This page gives an overview of the current idea space for how players define their species and empire identity when they start the game.

It does not describe final game behavior. It captures the broad direction and links to the focused idea pages.


Goal

The goal is an identity system that:

  • lets players create a distinctive civilization with a clear fantasy
  • avoids permanently trapping players in a playstyle that no longer fits their situation
  • creates recognizable strategic asymmetry between different empires
  • feels closer to a deep grand strategy starting screen than a minimal browser MMO

Core Problem

A persistent shared-world MMO creates a tension in player creation.

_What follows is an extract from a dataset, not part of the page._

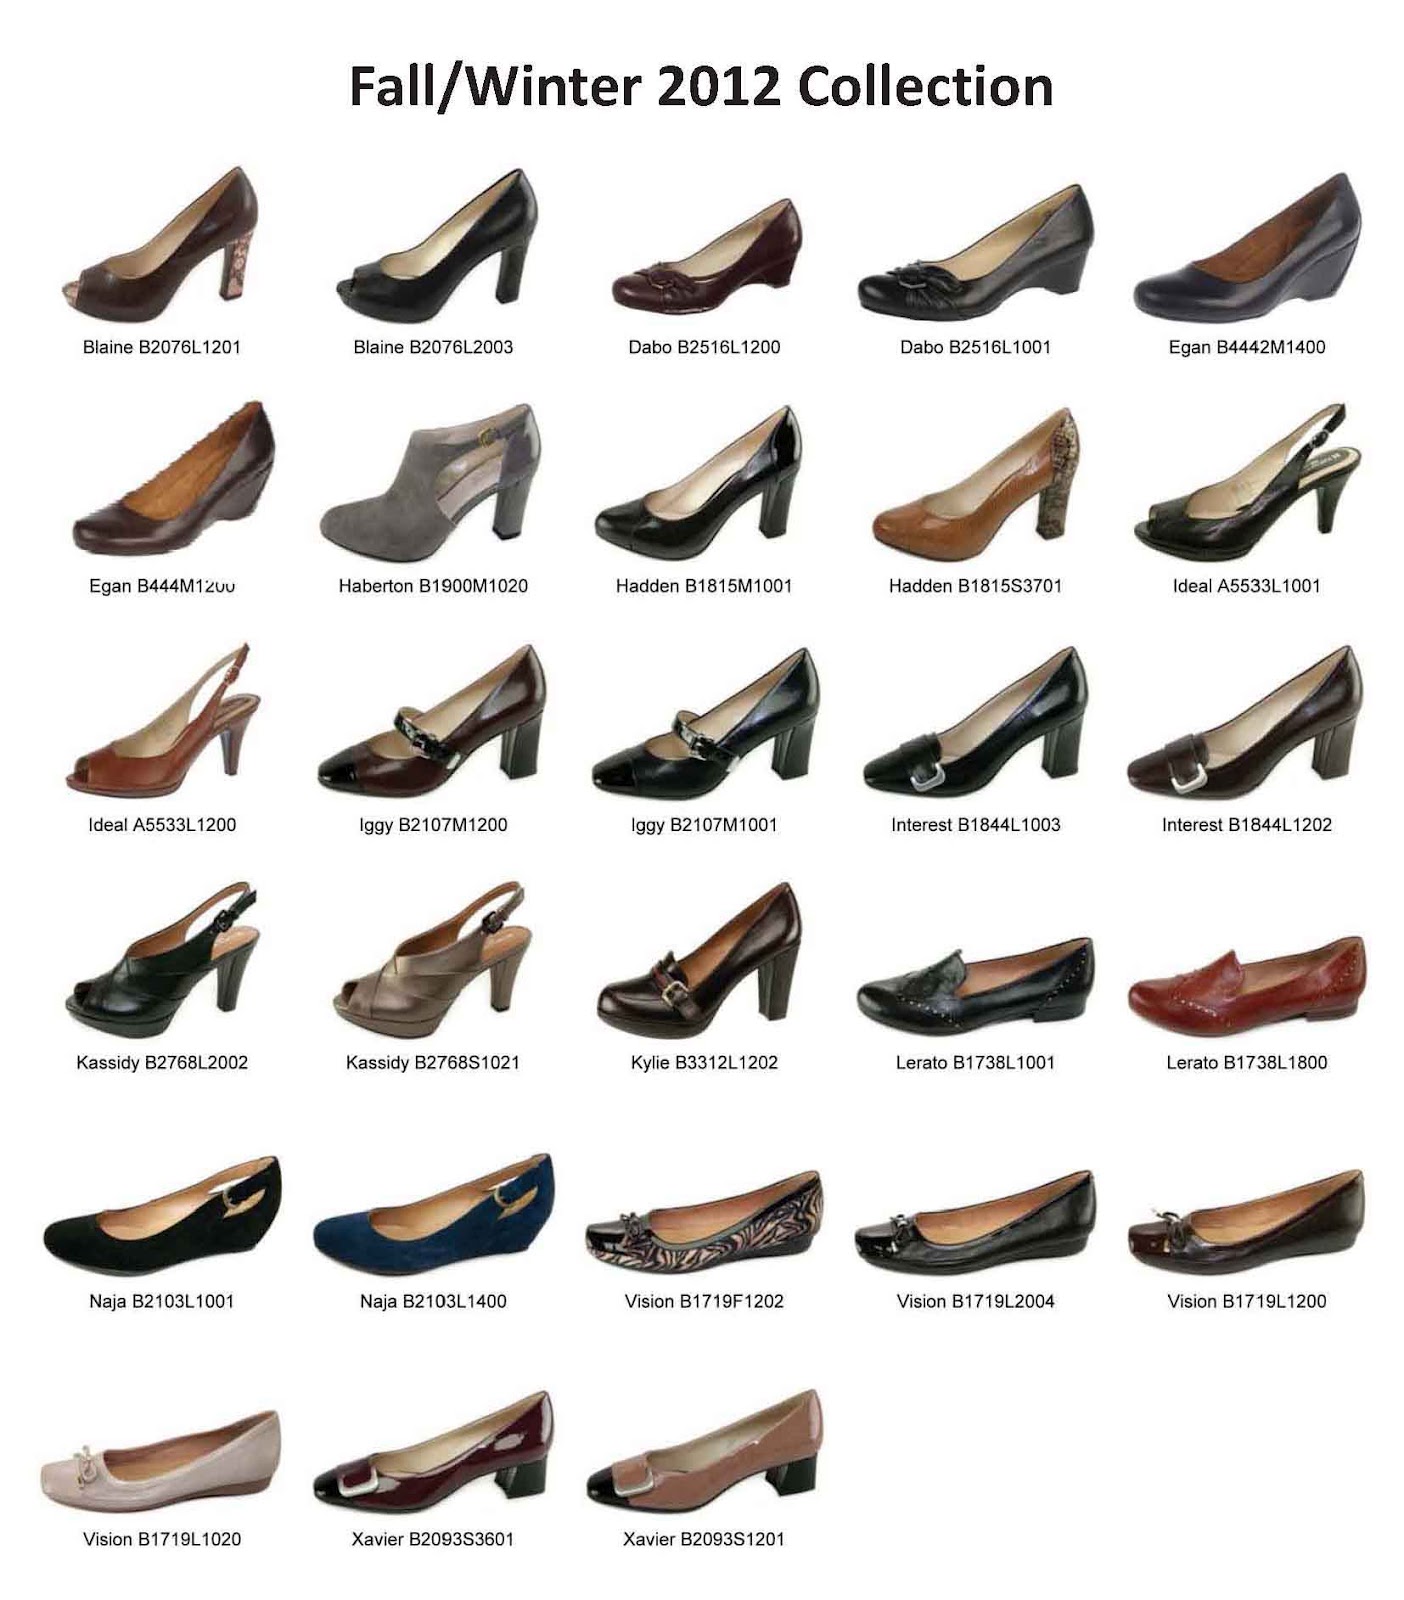 Woman Avenue: Trend Alert: Fall 2012 Collection of Naturalizer® Footwear

Strong permanent species traits push players toward one playstyle. But in a long-running galaxy, a player's situation can change dramatically over months: they may need to militarize, pivot to trade, or expand in unexpected directions.

If identity choices are too permanent, players who made thematic or creative picks can find themselves permanently disadvantaged.

If identity has no real weight, creation feels hollow and all empires feel the same.


Current Direction

The strongest direction is to split identity into layers with different levels of permanence.

Layer Permanent? Purpose
Empire and species naming Yes Social identity and flavor
Species appearance Yes Visual fantasy and faction recognition
Species aptitudes Yes Broad tendencies, kept intentionally modest
Species drawback Yes Creates asymmetry and management pressure
Starting doctrine Reformable Main source of opening strategy

Species aptitudes create tendencies and lean on a playstyle. Doctrine carries the stronger strategic differentiation and can be reformed over time through cost, delay, and friction.

Long-term identity should also emerge from what the player actually does in the galaxy: territorial position, fleet history, infrastructure choices, alliance role, and diplomatic reputation.


Main Topics

Species and doctrine

How the identity layers work, what each one does, and why the distinction between permanent species traits and reformable doctrine matters.

See Species and Doctrine.


Identity option sets

The candidate set of species aptitudes, drawbacks, and doctrine categories for the first version.

See Identity Option Sets.


New player spawn

How a new player is placed in the universe — species preference matching, distance from established players, dynamic planet injection, and starter protection.

See New Player Spawn.


Spawn ring and candidate selection

The algorithmic counterpart to New Player Spawn. How the spawn-ring algorithm picks a candidate orbital system when only some of the universe has been opened for search, while keeping touched galaxies and regions from turning all descendants into candidates.

See Spawn Ring and Candidate Selection.